By Jordan Morris
Perspectives Editor
Most of us cannot pretend to remember the chaotic outbreak of AIDS in the early 1980s, when the world was thrown into an international neurosis. Nor can most of us pretend to understand the devastation the disease wreaks on its victims — the marauding of the immune system, closely followed by untimely social and physical deaths.
After all, why should we?
Advances in scientific research have categorized HIV as relatively difficult to contract — as long as those at risk practice safe sex. According to the media, it’s moved beyond our borders to Africa and Asia and is no longer considered an urgent issue. The rate of AIDS-related deaths has steadily declined since more than a decade ago when scientists developed a variety of advanced medications (“cocktails”) to delay the onslaught of the disease and improve the lives of those infected.

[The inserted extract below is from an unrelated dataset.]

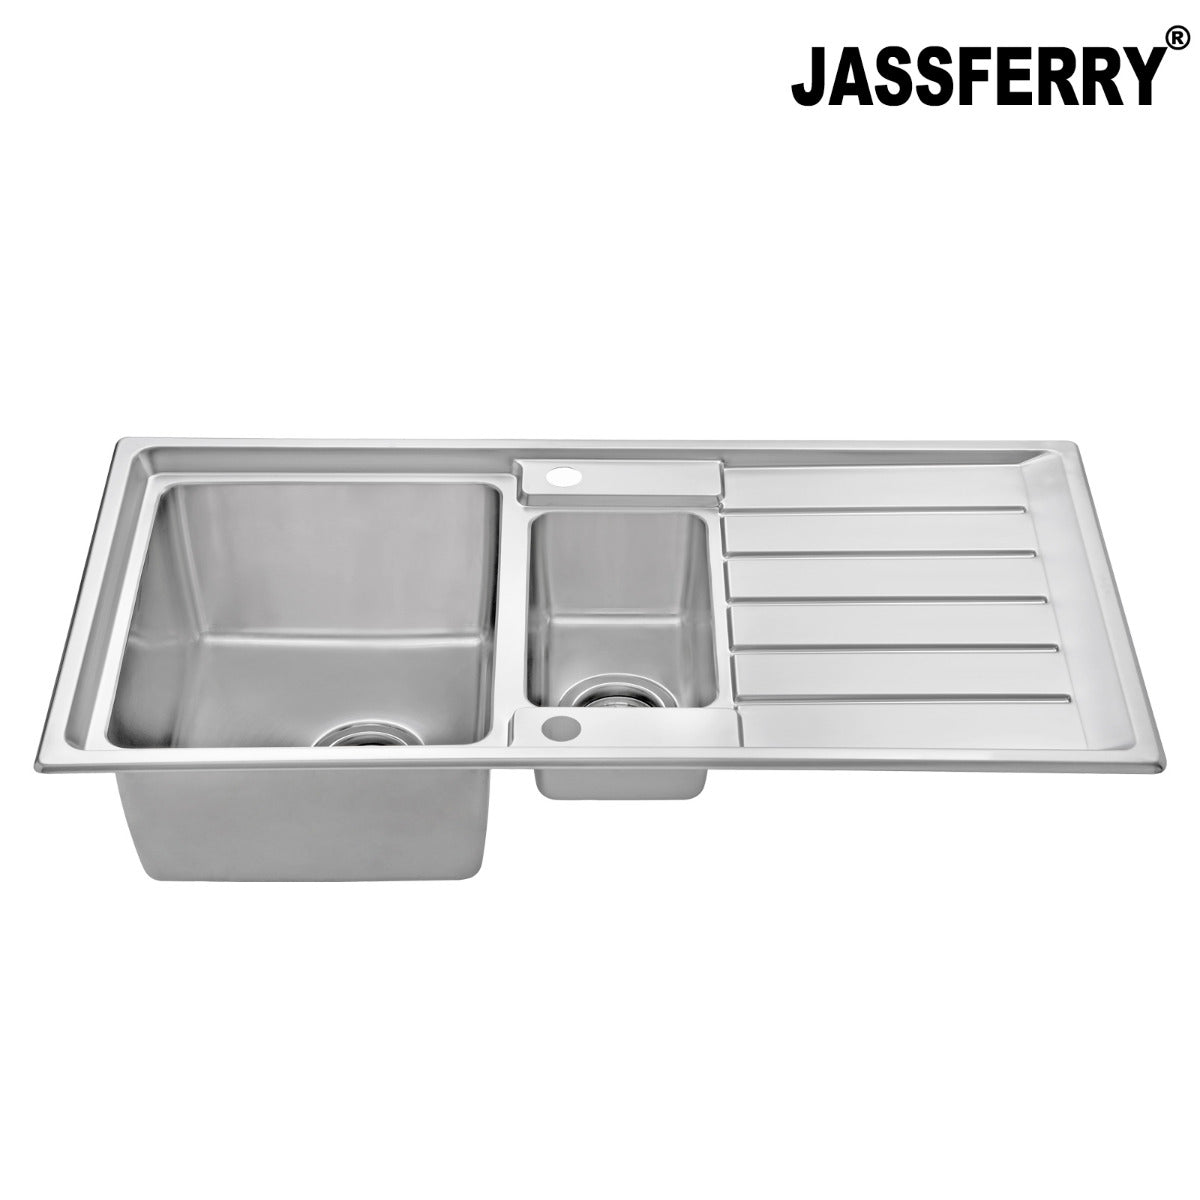 JassferryJASSFERRY Welding Stainless Steel Kitchen Sink 1.5 One Half Bowl Reversible DrainerKitchen Sinks

But to the surprise of many, the Centers for Disease Control Prevention reported in July that, for the first time in a decade, the number of new AIDS cases has increased among young people, not just in Africa, but in the United States.
How is this possible if we, as Americans, have it under control?
According to Dr. Harold Jaffe of the CDC, it’s a combination of factors — the more comprehensive HIV testing during the past year and the difficulty of HIV patients following their complicated treatment regimens, among others.
But most compelling is this attitude of ignorance and apathy that has allowed the disease to rebound. Sexually active college students often act with a feeling of complacent invincibility, usually practicing safe sex, but sometimes not. The general impression among these unknowingly at-risk young adults is that if they do not associate with anyone who is openly HIV-positive, they are obviously not in danger.
What is left of the AIDS prevention material in the media is often lost among the cacophony of other pervading issues. In the spotlight are the abnormally healthy, impressive physiques of those in the top percentile — Magic Johnson and Greg Louganis, for example, both of whom have battled the disease for more than a decade. Where is the embodiment of the typical infection — the sickly, emaciated patient who wastes away within a span of two years? Furthermore, are the tens of thousands of dollars spent on adequate medication and the plethora of painful side effects included in the fine print?
While advances in science were originally intended to improve the quality of life of the afflicted and gradually stamp out the disease, it now appears the reverse is imminent, as many are given the impression that contracting HIV is not so severe if such powerful medication is available. An increased number of young people said they were inclined to take part in risky sexual behavior, according to a recent report by the CDC.
Meanwhile, the international crisis continues to spiral out of control. The Global Fund to Fight AIDS, Tuberculosis and Malaria is quickly running out of funds; in 2001, it pledged a mere fraction of the $7-10 billion called for by UN Secretary General Kofi Annan during the next five years. The Joint United Nations Programme for HIV/AIDS (UNAIDS) reports that more than 16,000 new infections occur each day, 90 percent of which are in the Southern hemisphere. Whereas the global focus was once on Africa, the countries of Russia, India and China are experiencing an influx in reported cases, and with the exception of a yet unfounded $133 million Russian government promise to combat the disease, national governments have not been pro-active on this issue.
The Bush Administration appeared to take an active step to counter the international outbreak when the House passed the AIDS Spending Plan in May, but many see this as an measure that will spend too little, too late. By 2005, the plan proposes to spend only $1.5 billion on international AIDS efforts, a mere fraction of Annan’s plea. A sizeable portion of this amount, too, is geared toward abstinence education, which analysts believe to be irrelevant in areas such as sub-Saharan Africa.
The reality is that while all signs point toward an eventual resurgence of the 1980s hysteria, many remain disinterested bystanders — or in many cases, ignorant contributors.
Granted, an individual’s priorities are indefinitely erratic, depending on the pervading issues in his or her life at any given time. Without knowing someone who is HIV-positive or witnessing a loved one die of AIDS, there is little motivation to get involved.
For many, it’s still not an issue. The fact that it’s a universal life or death situation isn’t an issue. The fact that it affects the population of the world — whether acting as an impetus for national genocide in uneducated, third-world countries, or as a silent killer in the churning blood stream of a naïve, sexually-charged teenager — isn’t an issue.
And perhaps most important, the fact that there is still no cure isn’t an issue.
Such is the current logic of American society.